Exercise: Taking the line that contains "Malibu C Swimmers" as the start and the last line of the data as the end, repeat exactly every line in that span, but no pictures.

Data shown Block Start

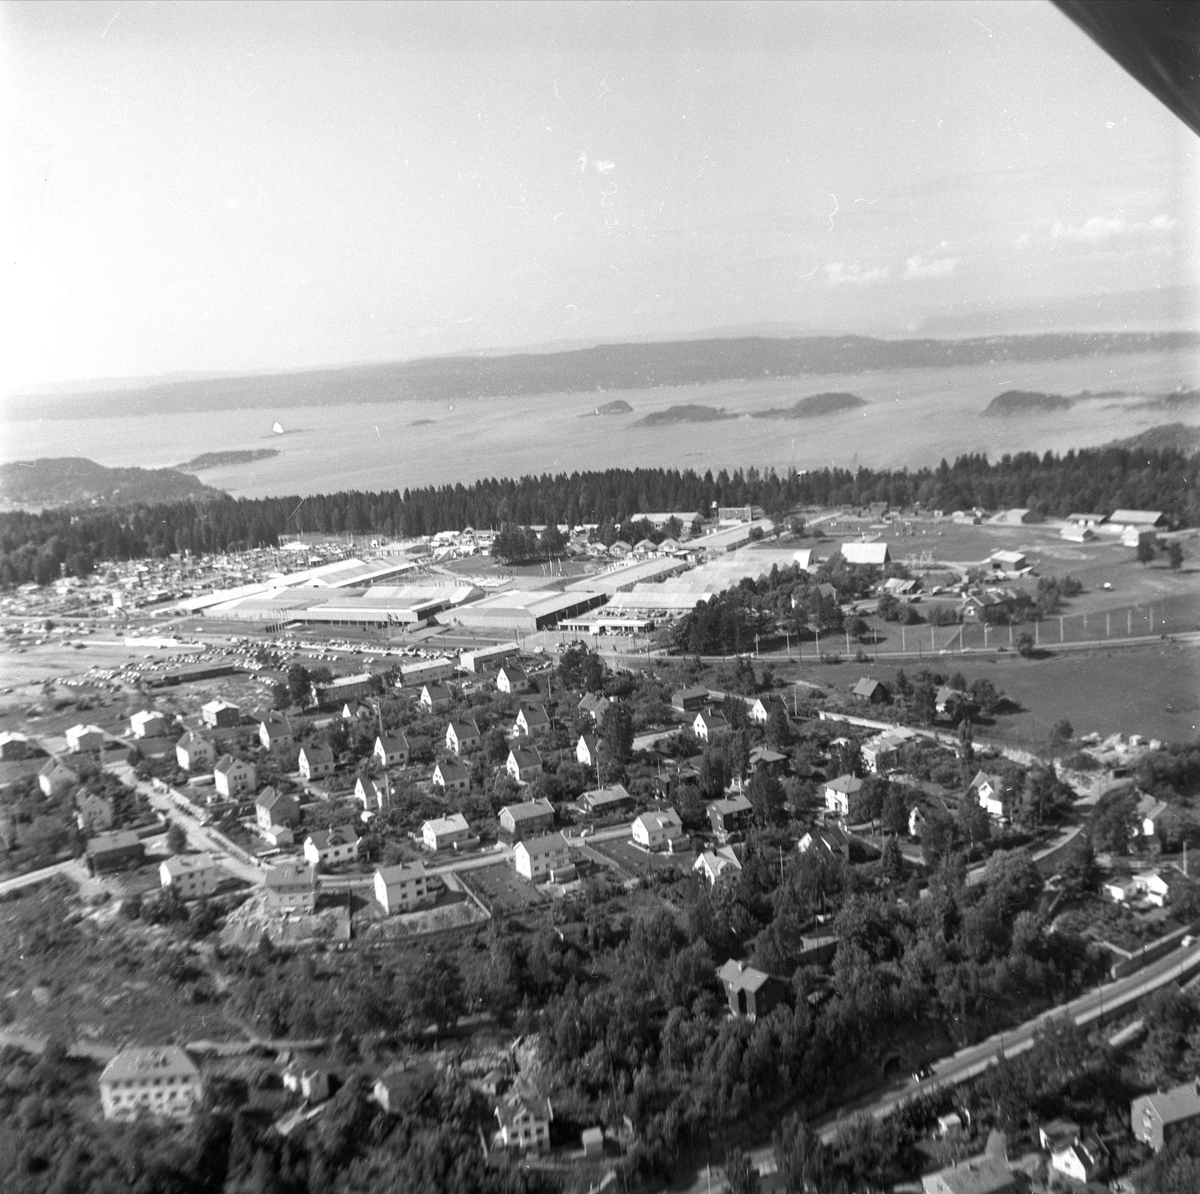 Ekeberg, Oslo, 11. juni 1959, landbruksutstilling, flyfoto over området.
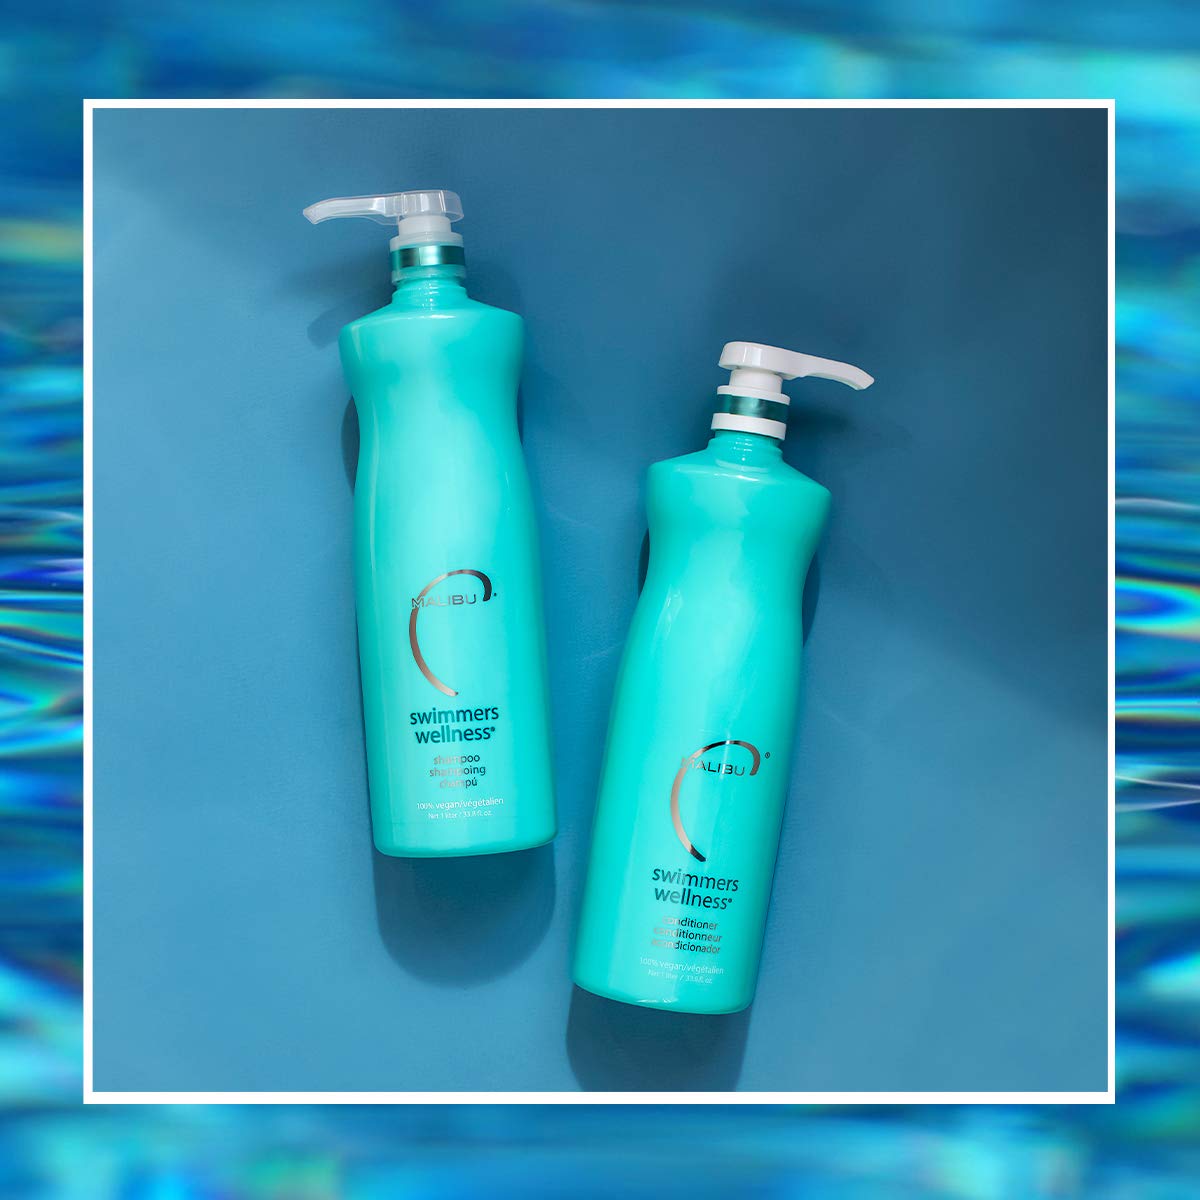 Malibu C Swimmers Wellness Shampoo & Conditioner Liter Duo Set
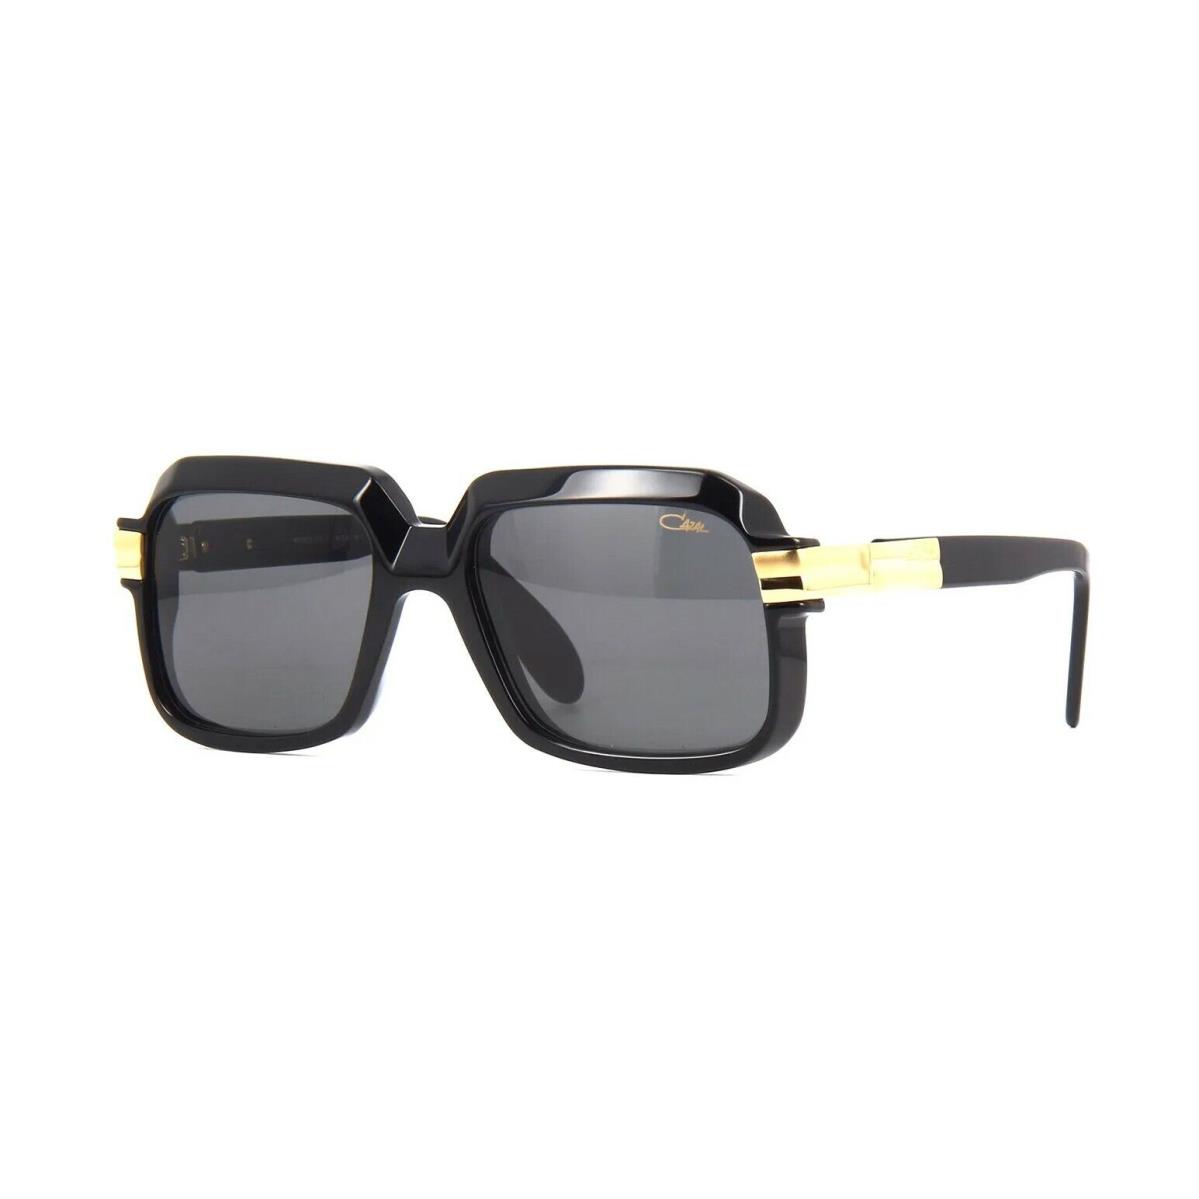 Cazal Legends 607/3 Black/grey 001 Sunglasses - Frame: Black, Lens: Grey

Data shown Block End

Expected answer:
 Malibu C Swimmers Wellness Shampoo & Conditioner Liter Duo Set
 Cazal Legends 607/3 Black/grey 001 Sunglasses - Frame: Black, Lens: Grey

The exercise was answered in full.